Leave out every picture and set down, exactly, the lines below from the one holding "Pracovný stôl z" up to and including the one holding "Tento produkt je".

BEGIN Input data

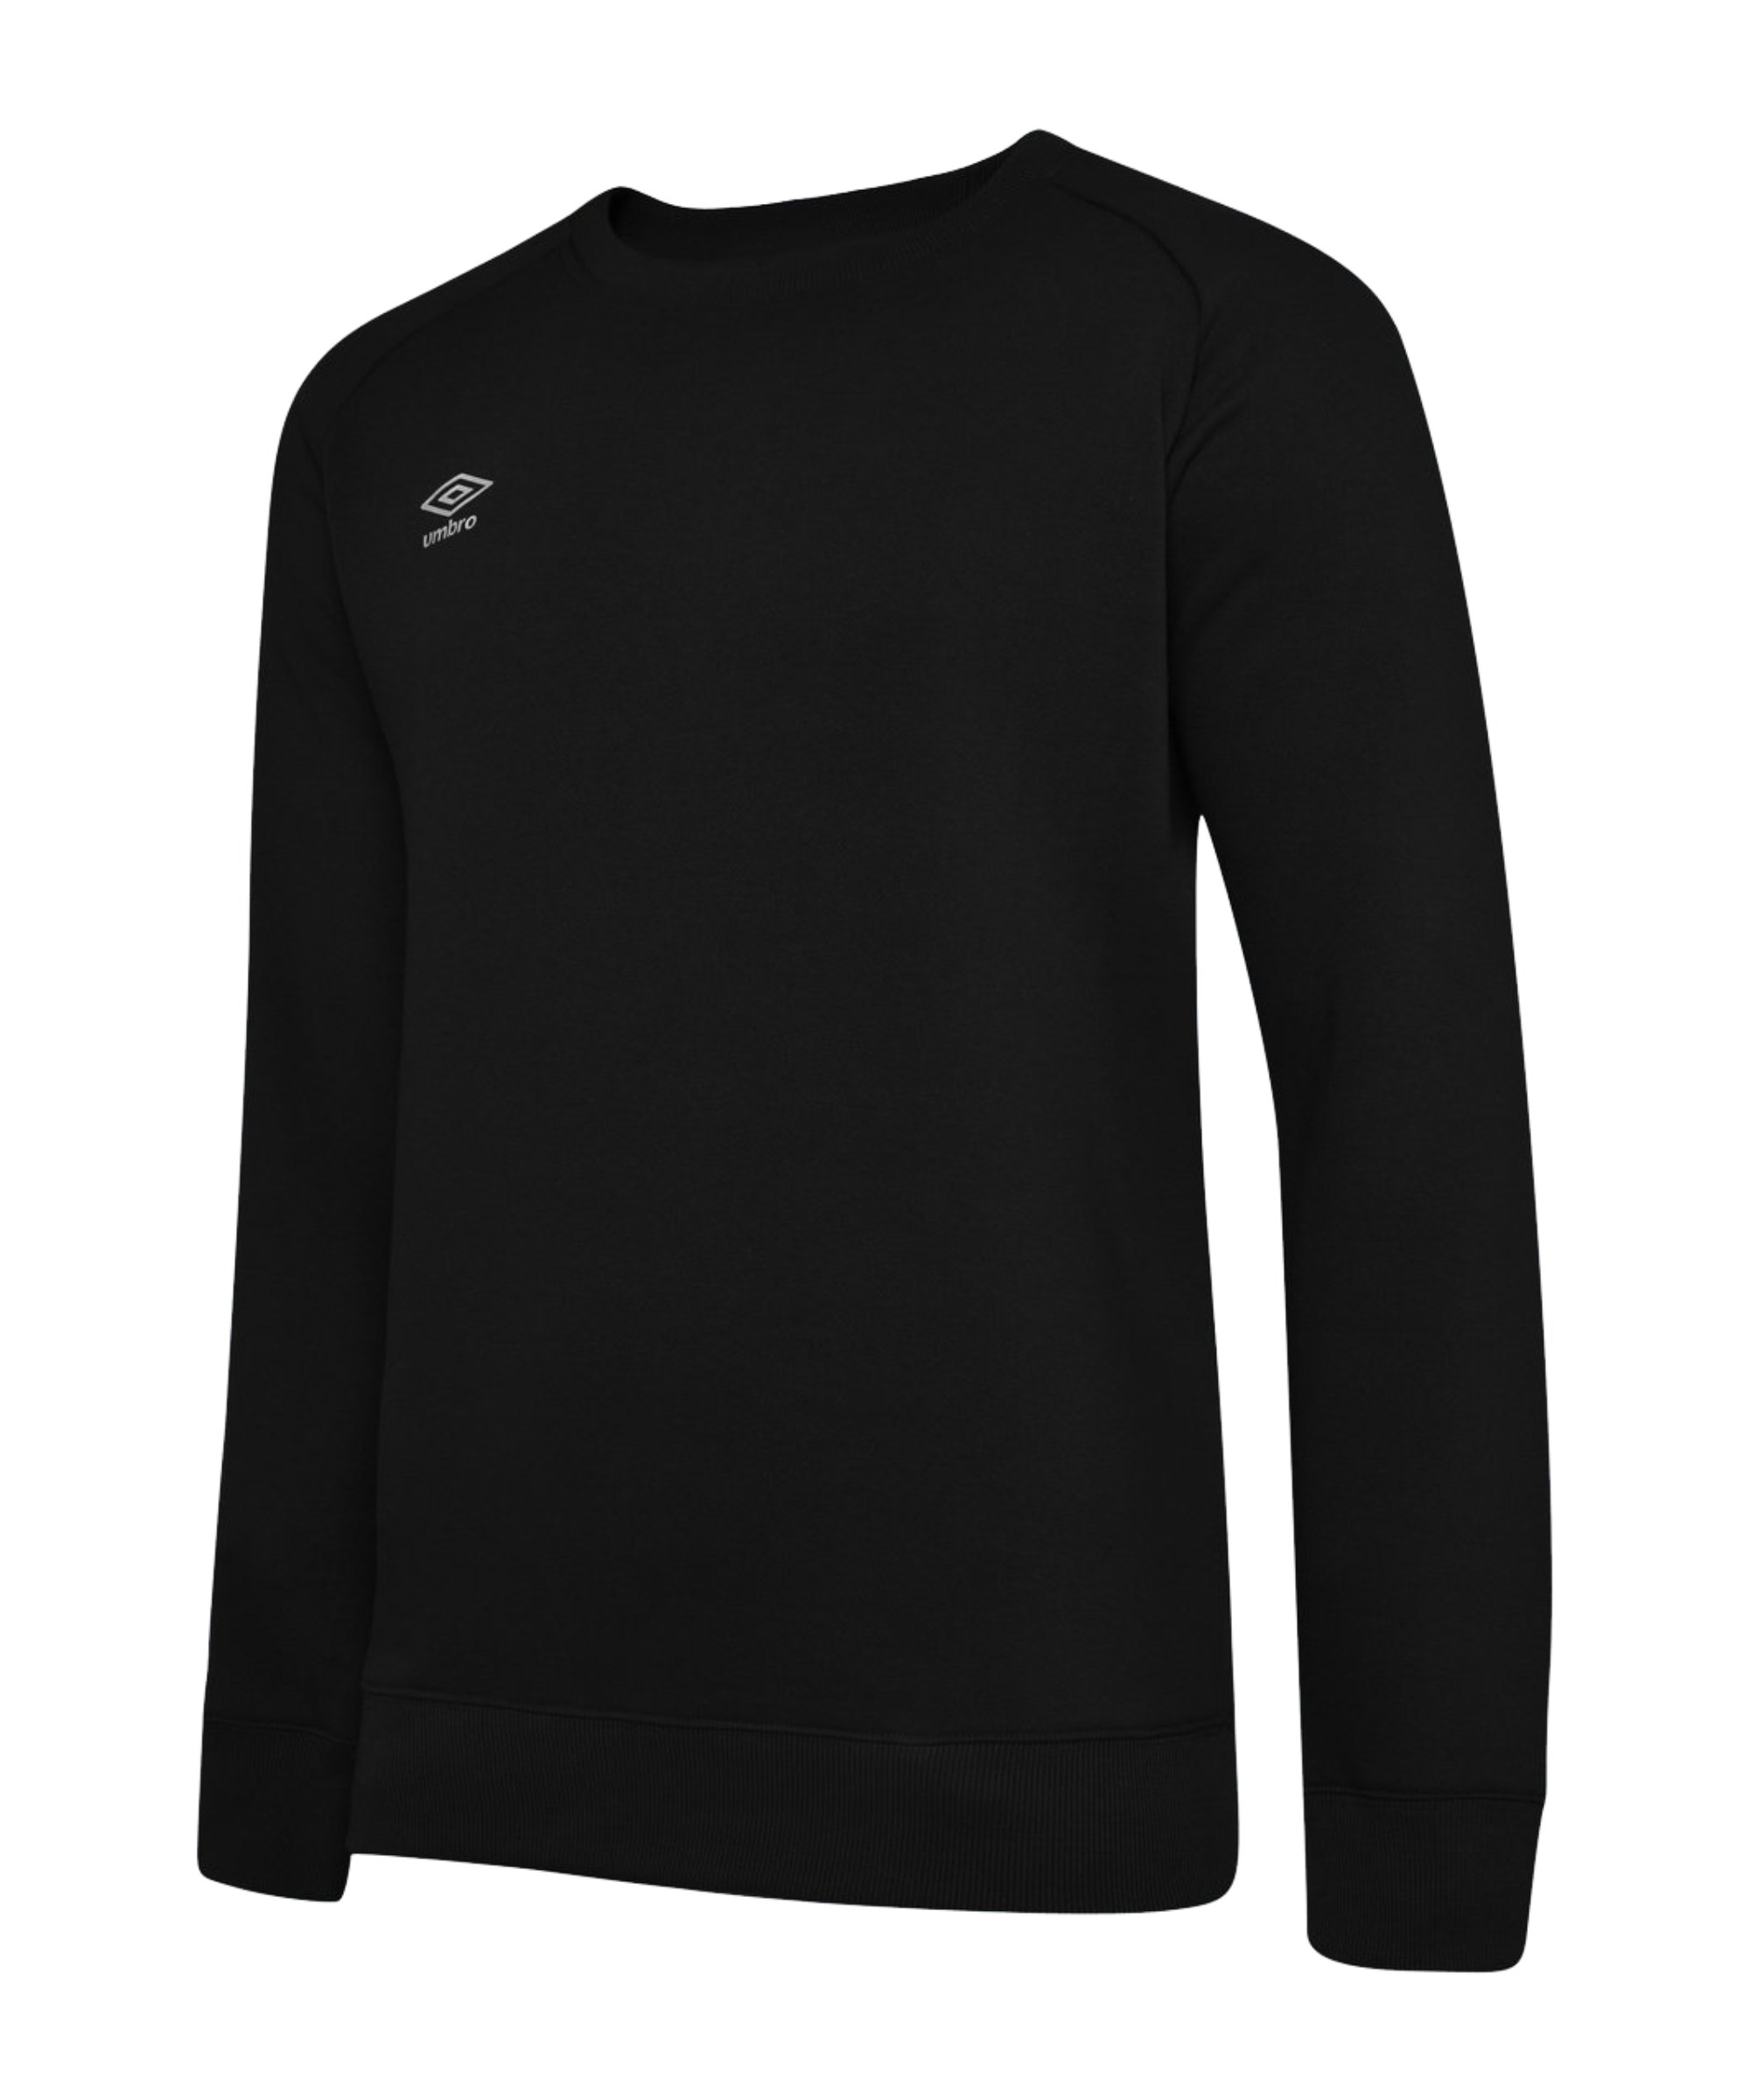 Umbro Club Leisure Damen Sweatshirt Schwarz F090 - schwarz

END Input data
BEGIN Input data

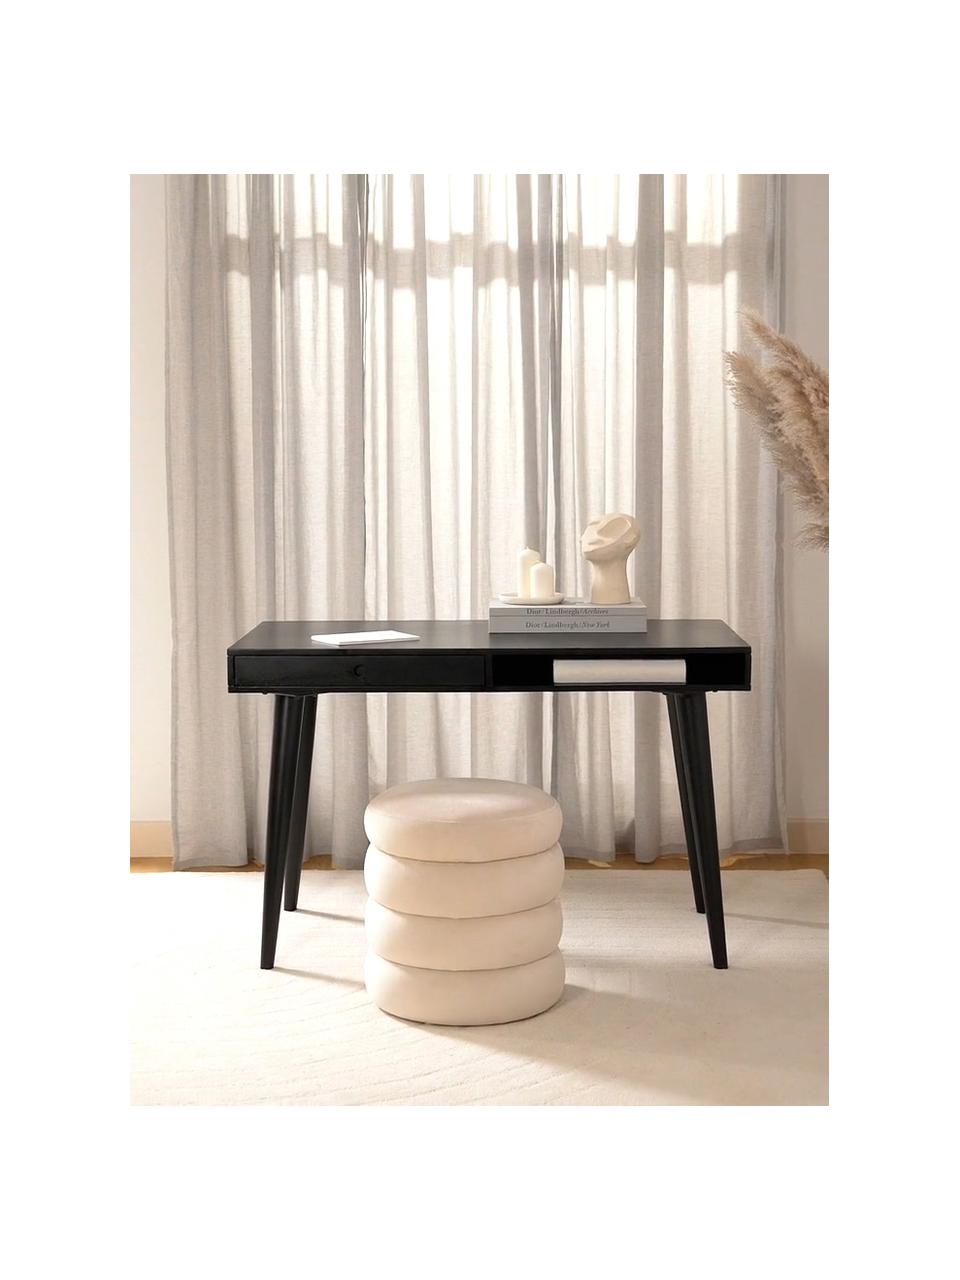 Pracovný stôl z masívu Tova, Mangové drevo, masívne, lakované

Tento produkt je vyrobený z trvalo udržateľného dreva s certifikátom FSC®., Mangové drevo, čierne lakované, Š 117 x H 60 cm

END Input data
BEGIN Input data

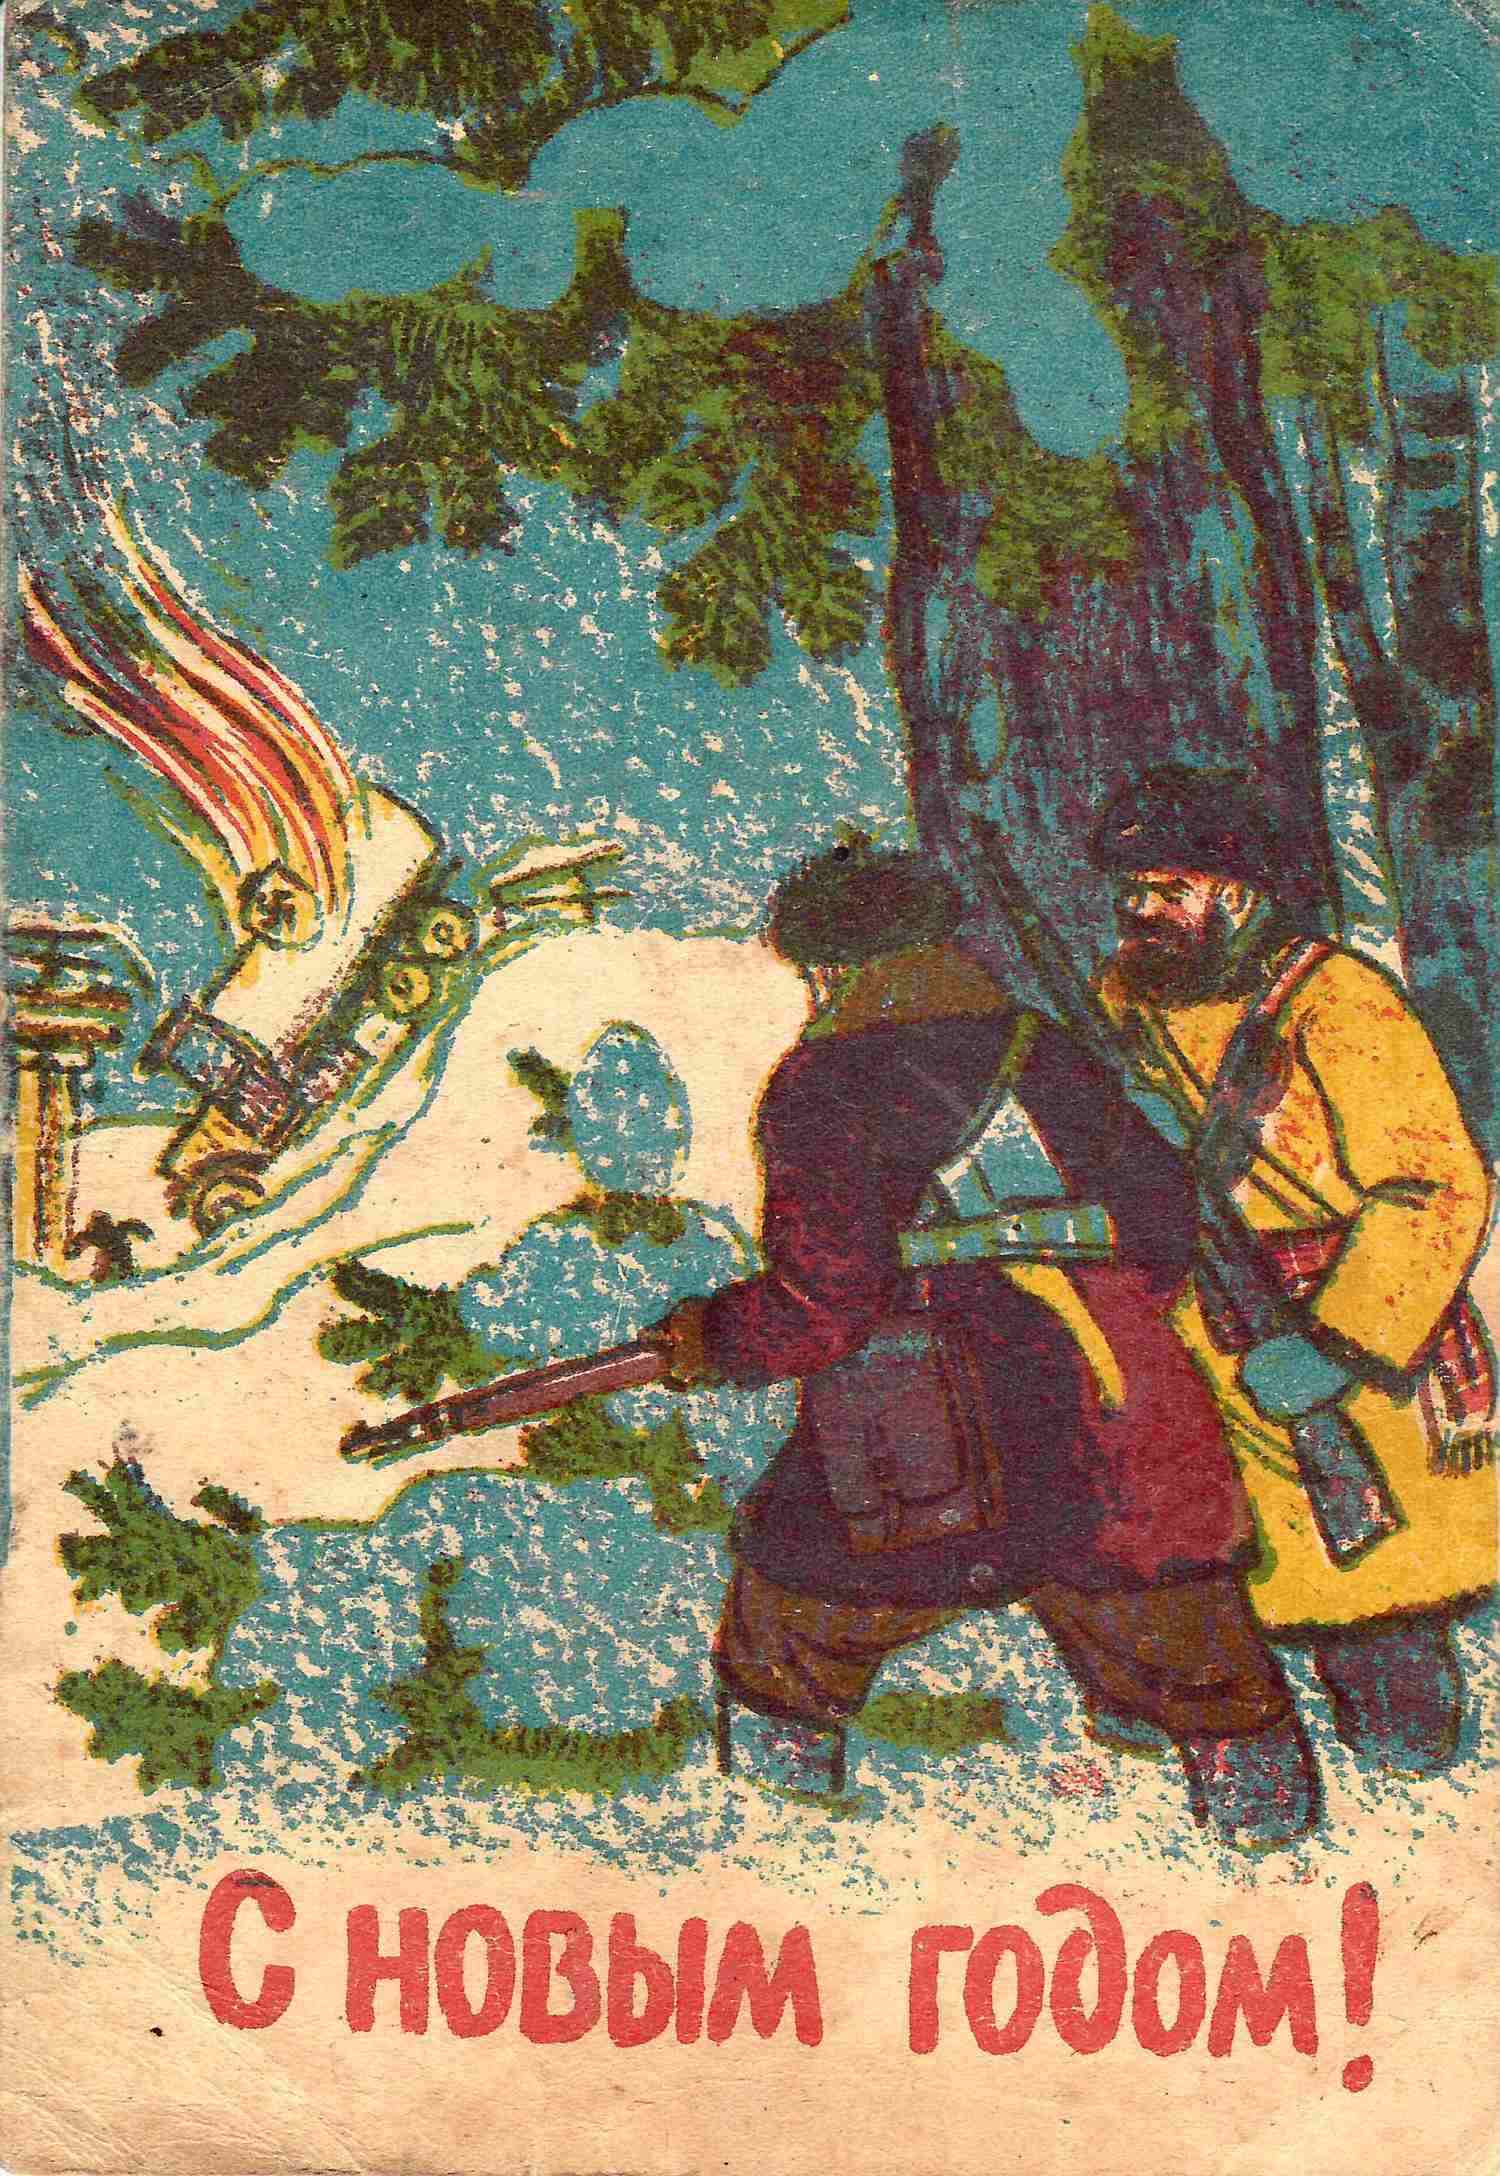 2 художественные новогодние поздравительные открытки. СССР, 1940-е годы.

END Input data

**Exercise output:**
 Pracovný stôl z masívu Tova, Mangové drevo, masívne, lakované

Tento produkt je vyrobený z trvalo udržateľného dreva s certifikátom FSC®., Mangové drevo, čierne lakované, Š 117 x H 60 cm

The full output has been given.